跳转至主要内容

Insert Idempotency

Since Timeplus Enterprise v2.4 there are new settings idempotent_id and enable_idempotent_processing:

  • INSERT INTO .. SETTINGS idempotent_id='..' VALUES ..
  • 选择... FROM .. SETTINGS enable_idempotent_processing=true

These settings allow you to define a unique ID for each batch INSERT. Sending the data with the same value of idempotent_id won't result in duplicated data in the target stream. You can retry safely with those settings.

Here is an example.

Create a stream for testing

Let's create a stream with 2 columns:

CREATE STREAM test_stream(`i` int,  `v` string)

This is an append-only stream. You can insert duplicated data, e.g.

INSERT INTO test43_stream (i, v) VALUES (1, 'a') (1, 'a')

Insert with idempotent_id

Recreate the stream if you have inserted any data. You can run the following SQL multiple times:

INSERT INTO test_stream (i, v) SETTINGS idempotent_id = 'batch1' VALUES (1, 'a') (2, 'b');

Then run

SELECT count() FROM table(test_stream)

You will get 2.

If you remove SETTINGS idempotent_id = 'batch1' and run the SQL again, duplicated data will be inserted.

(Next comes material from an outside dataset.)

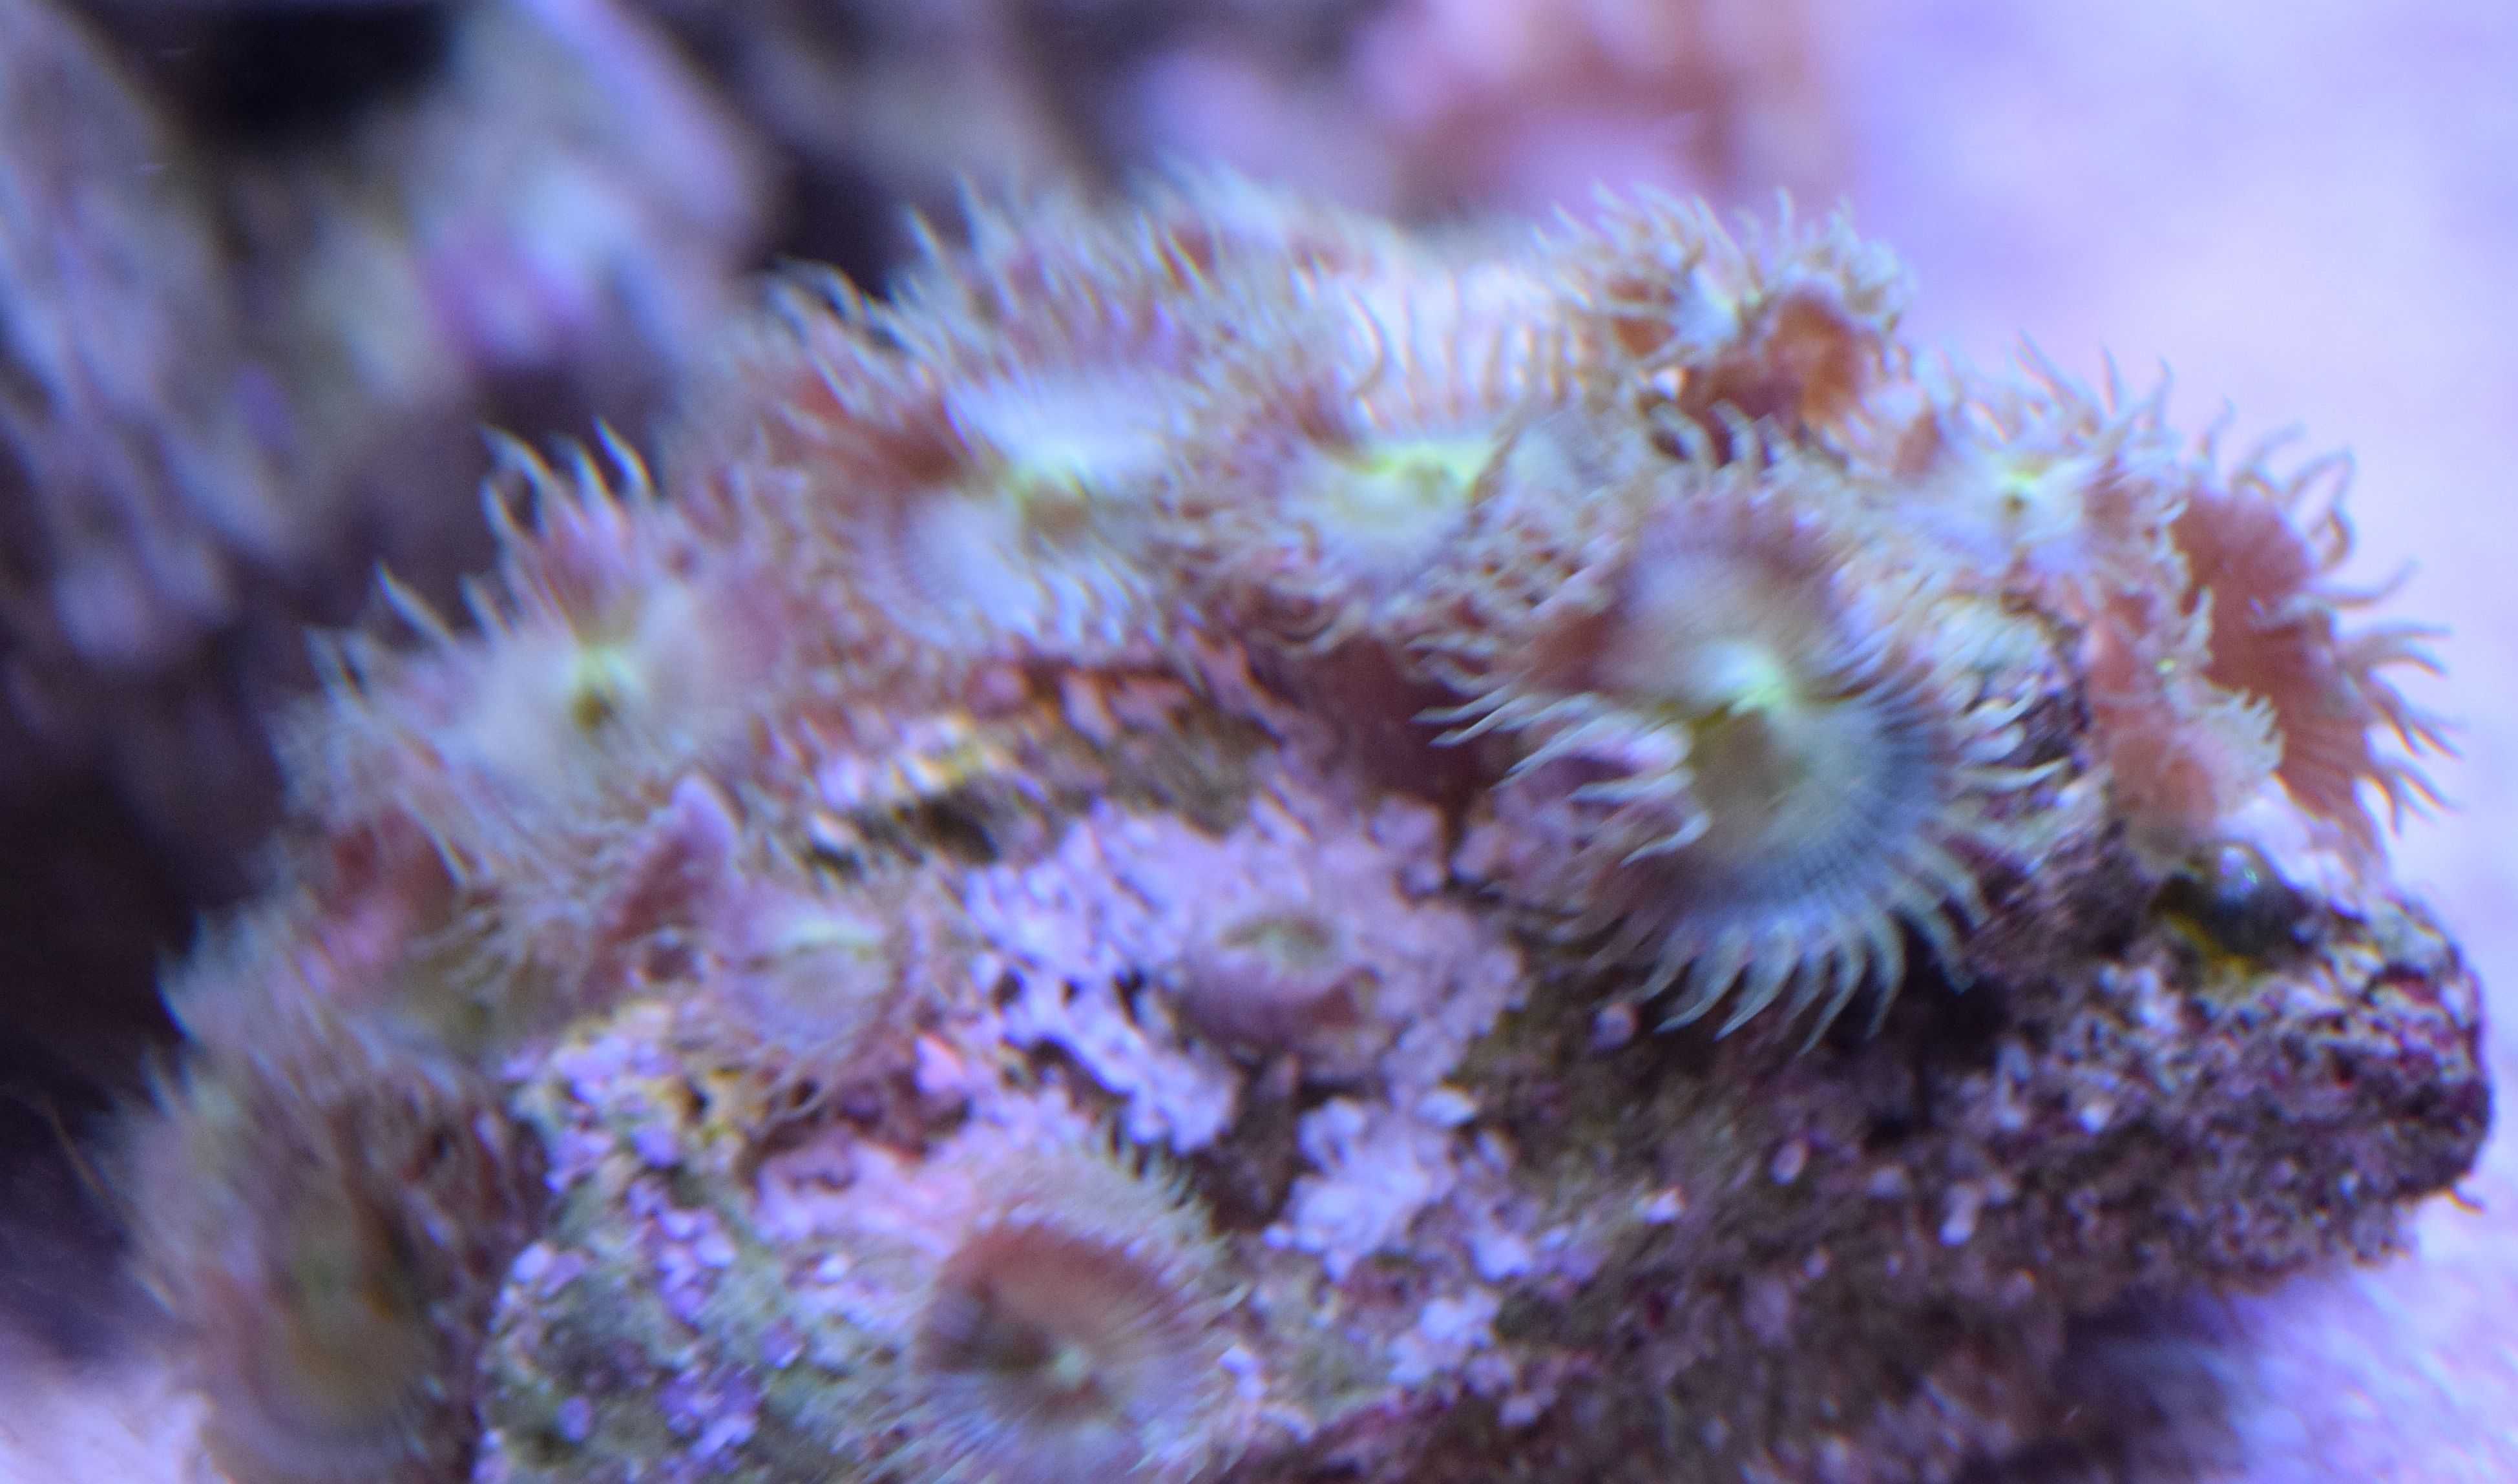 palythoa nuclear piękny zielony koralowiec

Streaming SQL with enable_idempotent_processing

When you insert data with idempotent_id, querying the stream with table function will retrieve the historical data of the stream, without duplication. However if you run:

SELECT count() FROM test_stream

Every time you run the INSERT SQL, no matter with idempotent_id or not, a bigger count number will be returned. To enable idempotent processing, set the flag to true in the Streaming SQL, e.g.

SELECT count() FROM test_stream SETTINGS enable_idempotent_processing=true;

With this setting, your Streaming SQL will only emit results when it accepts new data.